Conflict update: January 31 2017

After yesterday’s marathon catch-up session, I’m going to try to keep this one relatively short.

Ukraine

Fighting in and around the town of Avdiivka, in the northern part of Donetsk, has reached a level serious enough to move the UN Security Council to express its collective “grave concern.” At least eight people were reportedly killed there today, and while total casualty figures are sketchy, it seems that upwards of 20 people, and maybe even more–Ukrainian soldiers, separatists, and civilians alive–have been killed since Sunday. Each side is naturally accusing the other of initiating the new round of violence, but frankly both have reasons to escalate right now, to try to stake out their positions before the new US administration firms up its Ukraine policy. The State Department has also expressed concern over the fighting, but otherwise the Trump administration hasn’t said anything. Make of that what you will.

Syria

Not very much to say today. The next round of talks in Geneva, which was supposed to begin on February 8 but was then postponed, has now been rescheduled for February 20. The hope is that the extra time will allow the ceasefire to take deeper root and give the rebels time to organize their delegation. The heaviest fighting today seems to have taken place in eastern Ghouta, near Damascus, where the government claims its forces have made significant gains against rebel fighters in the past several hours.

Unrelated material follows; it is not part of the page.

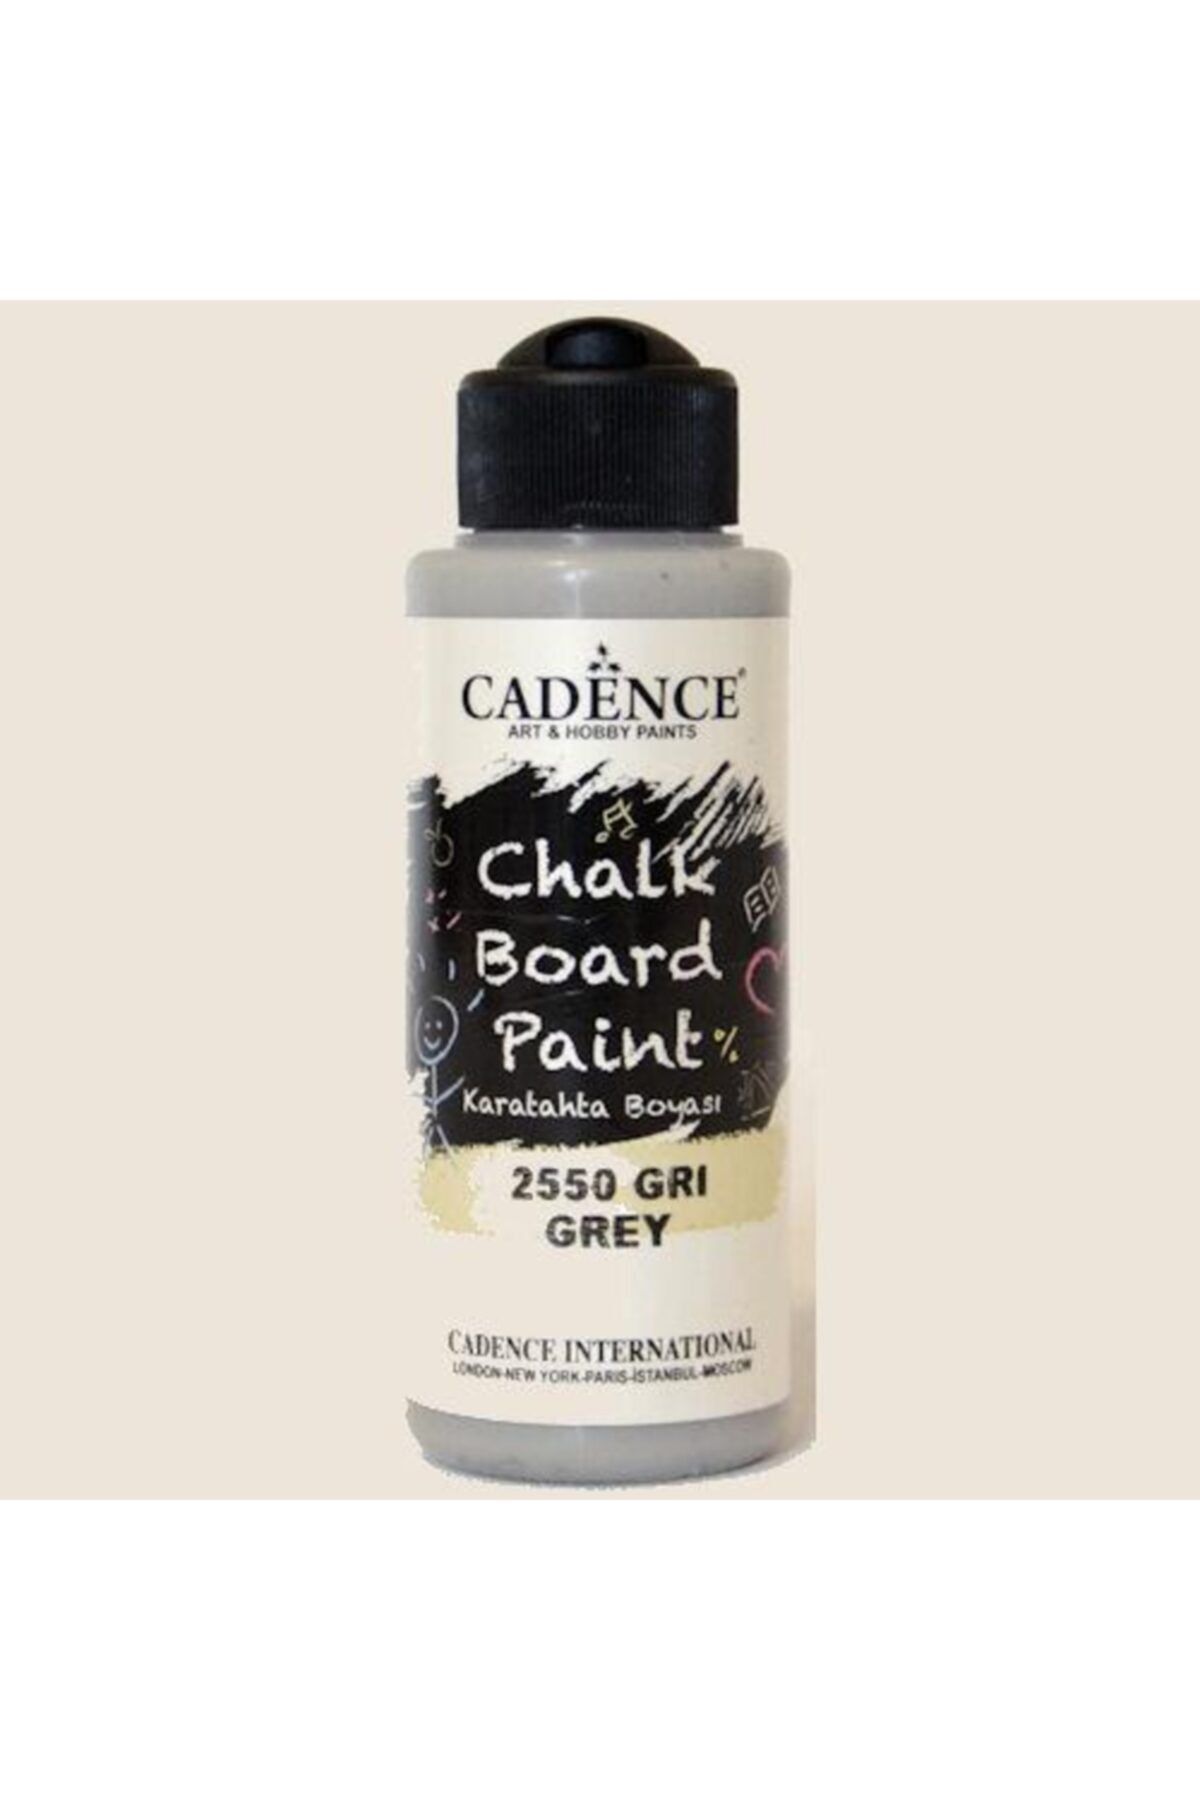 Cadence Gri Chalkboard Paint 120ml Kara Tahta Boyası 2550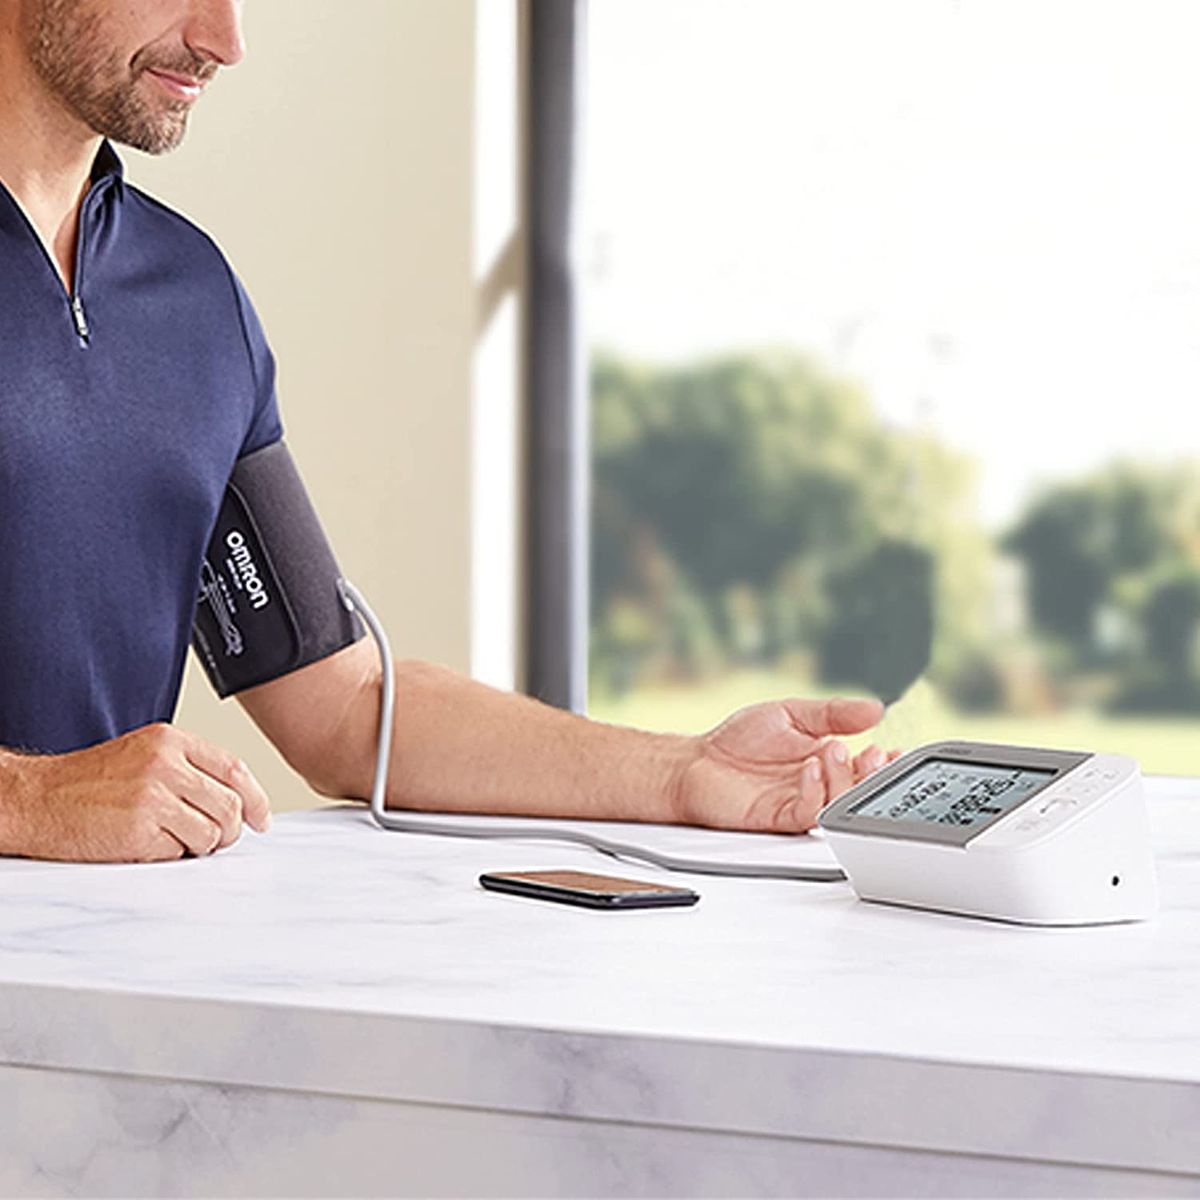 Omron X7 Smart Blood Pressure Monitor - Smart Blood Pressure Monitor with AFib Detection and Bluetooth - Smartphone Compatible

In good news, the UN World Food Programme has been able to resume air drops of food and other basic supplies into the besieged eastern city of Deir Ezzor, even though heavy fighting continues to rage there between government and ISIS forces. Apparently they’ve found a new drop zone that is safe from the fighting.

Rumors persist that Bashar al-Assad recently suffered a “mini-stroke” and was treated in Beirut. Those same rumors say his condition is not life-threatening but that he may have some impaired movement on his left side. Obviously there’s not enough to go on here to say that these reports are genuine, but there’s also no particular reason to go by the Syrian government’s denials either.

Iraq

Baghdad has tried to clarify the role that the Popular Mobilization Units will play in the west Mosul campaign, and it seems that in fact it is sticking to its initial plan to keep the PMU out of the city. Instead, the paramilitaries will probably participate in a support operation to cut the highway between Mosul and Tal Afar. However, there are new concerns about a series of offices that the PMU appear to be opening in previously liberated majority Sunni cities like Fallujah. The PMU, which are deputized militias, say that as an official/semi-official organization they have the right to open offices in these places in order to help ensure their security, but the concern is that the predominantly Shiʿa PMU will antagonize the Sunni Arabs in those cities, since tensions between those communities date back to the PMUs’ origins as sectarian militias formed in the aftermath of the US invasion.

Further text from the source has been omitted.